Computer Science Technical & Coding Interview: March 2020

Sunday, March 29, 2020

366. Find Leaves of Binary Tree

Given a binary tree, collect a tree's nodes as if you were doing this: Collect and remove all leaves, repeat until the tree is empty.

Example:

Input: [1,2,3,4,5]
  
          1
         / \
        2   3
       / \     
      4   5    

Output: [[4,5,3],[2],[1]]

Explanation:

1. Removing the leaves [4,5,3] would result in this tree:

          1
         / 
        2

2. Now removing the leaf [2] would result in this tree:

3. Now removing the leaf [1] would result in the empty tree:

[]

/**
* Definition for a binary tree node.
* struct TreeNode {
* int val;
* TreeNode *left;
* TreeNode *right;
* TreeNode(int x) : val(x), left(NULL), right(NULL) {}
* };
*/
class Solution {
public:
vector<vector<int>> findLeaves(TreeNode* root) {
vector<vector<int>> ans;

while (root != NULL) {
ans.push_back(helper(root));
}
return ans;
}

vector<int> helper(TreeNode*& root) {
vector<int> ans;
if (root == NULL) {
return ans;
}

queue<pair<TreeNode *, TreeNode *>> q;
q.push({root, NULL});
while (!q.empty()) {
pair<TreeNode *, TreeNode *> node = q.front(); q.pop();
if (node.first -> left == NULL && node.first -> right == NULL) {
ans.push_back(node.first->val);
if (node.second != NULL) {
if (node.second -> left == node.first) {
node.second -> left = NULL;
} else if (node.second -> right == node.first) {
node.second -> right = NULL;
}
} else {
root = NULL;
}
} else {
if (node.first -> left != NULL) {
q.push({node.first -> left, node.first});
}
if (node.first -> right != NULL) {
q.push({node.first -> right, node.first});
}
}
}
return ans;
}
};

698. Partition to K Equal Sum Subsets

Medium

Given an array of integers nums and a positive integer k, find whether it's possible to divide this array into k non-empty subsets whose sums are all equal.

Example 1:

Input: nums = [4, 3, 2, 3, 5, 2, 1], k = 4
Output: True
Explanation: It's possible to divide it into 4 subsets (5), (1, 4), (2,3), (2,3) with equal sums.

Note:

1 <= k <= len(nums) <= 16.
0 < nums[i] < 10000.

class Solution {
public:
bool canPartitionKSubsets(vector<int>& nums, int k) {
int sum = 0;
for (auto num : nums) {
sum += num;
}
if (sum % k != 0) {
return false;
}
vector<bool> visited(nums.size(), false);
return helper(nums, k, sum/k, 0, 0, visited);
}

bool helper(vector<int>& nums, int k, int target, int start, int curSum,
vector<bool>& visited) {
if (k == 1) {
return true;
}
if (curSum > target) {
return false;
}
if (target == curSum) {
return helper(nums, k - 1, target, 0, 0, visited);
}

for (int i = start; i < nums.size(); i++) {
if (visited[i]) {
continue;
}
visited[i] = true;
if (helper(nums, k, target, i + 1, curSum + nums[i], visited)) {
return true;
}
visited[i] = false;
}
return false;
}
};

Time complexity: O(n!)
space: o(n)

Saturday, March 28, 2020

256. Paint House

There are a row of n houses, each house can be painted with one of the three colors: red, blue or green.

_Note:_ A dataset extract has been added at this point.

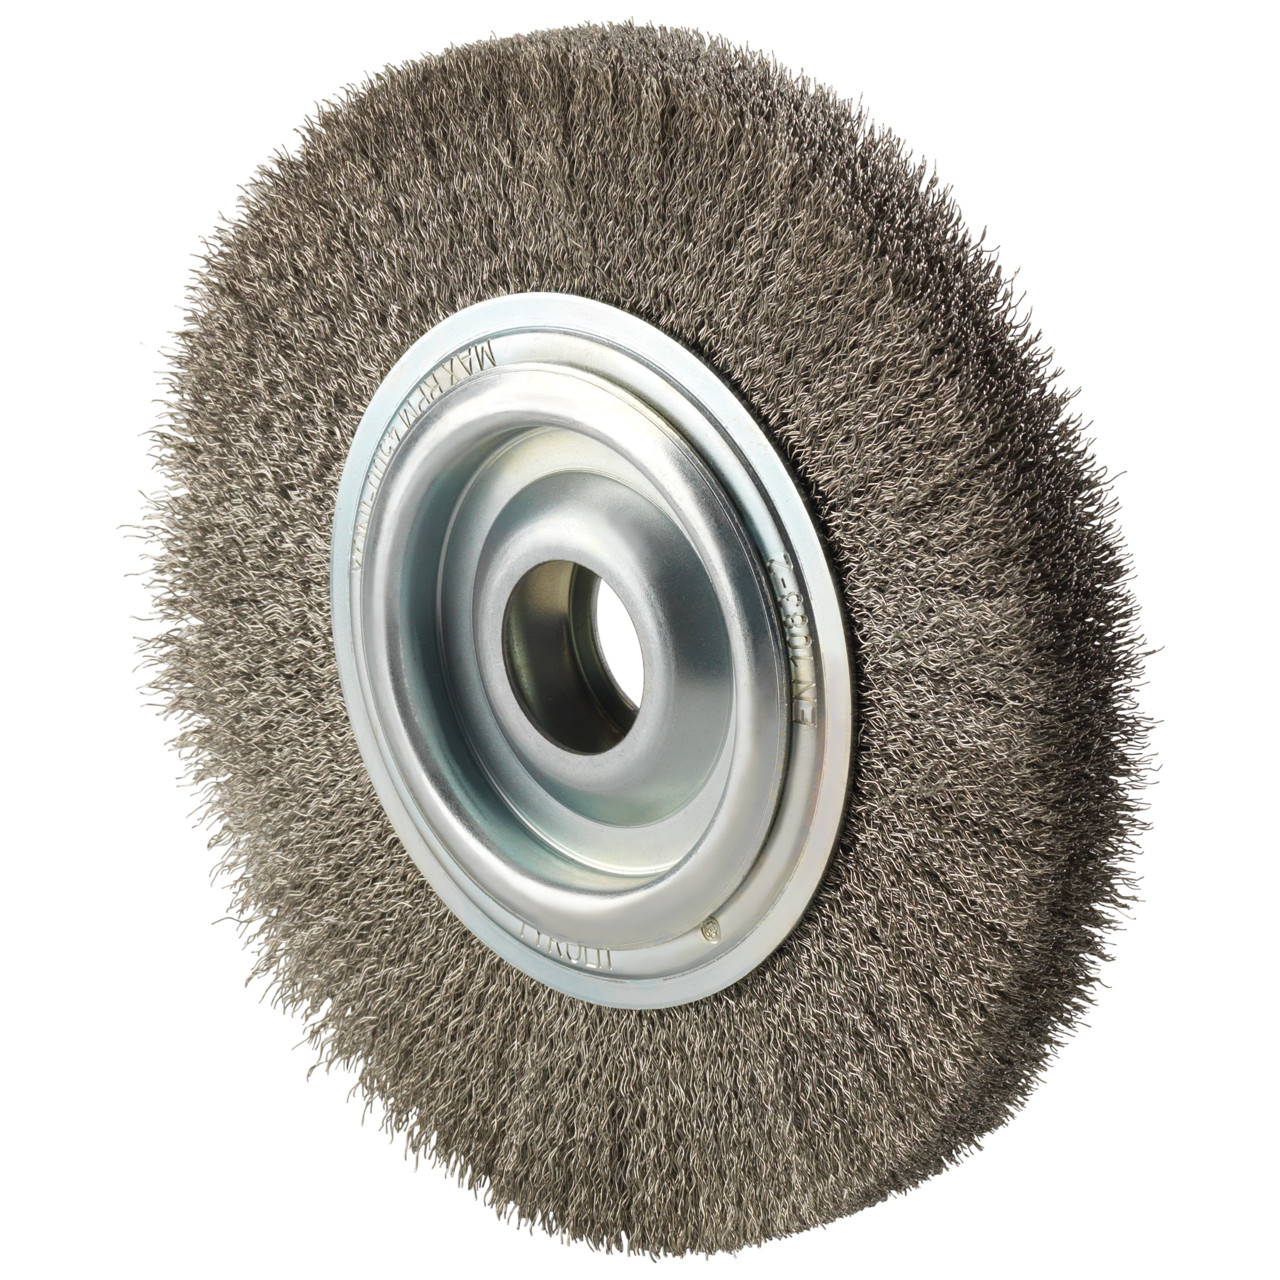 Spazzole rotonde Tyrolit DxLxH 150x18x27x32 Per acciaio inox, forma: 1RDW - (spazzole rotonde), Art. 896116

The cost of painting each house with a certain color is different. You have to paint all the houses such that no two adjacent houses have the same color.

The cost of painting each house with a certain color is represented by a n x 3 cost matrix. For example, costs[0][0] is the cost of painting house 0 with color red; costs[1][2] is the cost of painting house 1 with color green, and so on... Find the minimum cost to paint all houses.

Note:
All costs are positive integers.

Example:

Input: [[17,2,17],[16,16,5],[14,3,19]]
Output: 10
Explanation: Paint house 0 into blue, paint house 1 into green, paint house 2 into blue. 
             Minimum cost: 2 + 5 + 3 = 10.

class Solution {

public:

int minCost(vector<vector<int>>& costs) {

if (costs.size() == 0) {

return 0;

}

int size = costs[0].size();

vector<int> helper = costs[0];

for (int i = 1; i < costs.size(); i++) {

vector<int> tmp(size, 0);

tmp[0] = costs[i][0] + min(helper[1], helper[2]);

tmp[1] = costs[i][1] + min(helper[0], helper[2]);

tmp[2] = costs[i][2] + min(helper[1], helper[0]);

helper = tmp;

tmp.clear();

}

int ans = INT_MAX;

for (auto num : helper) {

ans = min(ans, num);

}

return ans;

}

int minCost(vector<vector<int>>& costs) {

if (costs.size() == 0) {

return 0;

}

int size = costs[0].size();

for (int i = 1; i < costs.size(); i++) {

vector<int> tmp(size, 0);

costs[i][0] = costs[i][0] + min(costs[i-1][1], costs[i-1][2]);

costs[i][1] = costs[i][1] + min(costs[i-1][0], costs[i-1][2]);

costs[i][2] = costs[i][2] + min(costs[i-1][1], costs[i-1][0]);

}

int ans = INT_MAX;

for (auto num : costs[costs.size() - 1]) {

ans = min(ans, num);

}

return ans;

}

};

class Solution {
public:
 int minCost(vector<vector<int>>& costs) {
  if(costs.empty()) return 0;
  int red=costs[0][0];
  int blue=costs[0][1];
  int green=costs[0][2];
  for(int i=1;i<costs.size();i++){
   int t_red=red;
   int t_blue=blue;
   int t_green=green;
   red=min(t_blue,t_green)+costs[i][0];
   blue=min(t_red,t_green)+costs[i][1];
   green=min(t_red,t_blue)+costs[i][2];

  }
  return min(green,min(red,blue));   
 }
};

716. Max Stack

Design a max stack that supports push, pop, top, peekMax and popMax.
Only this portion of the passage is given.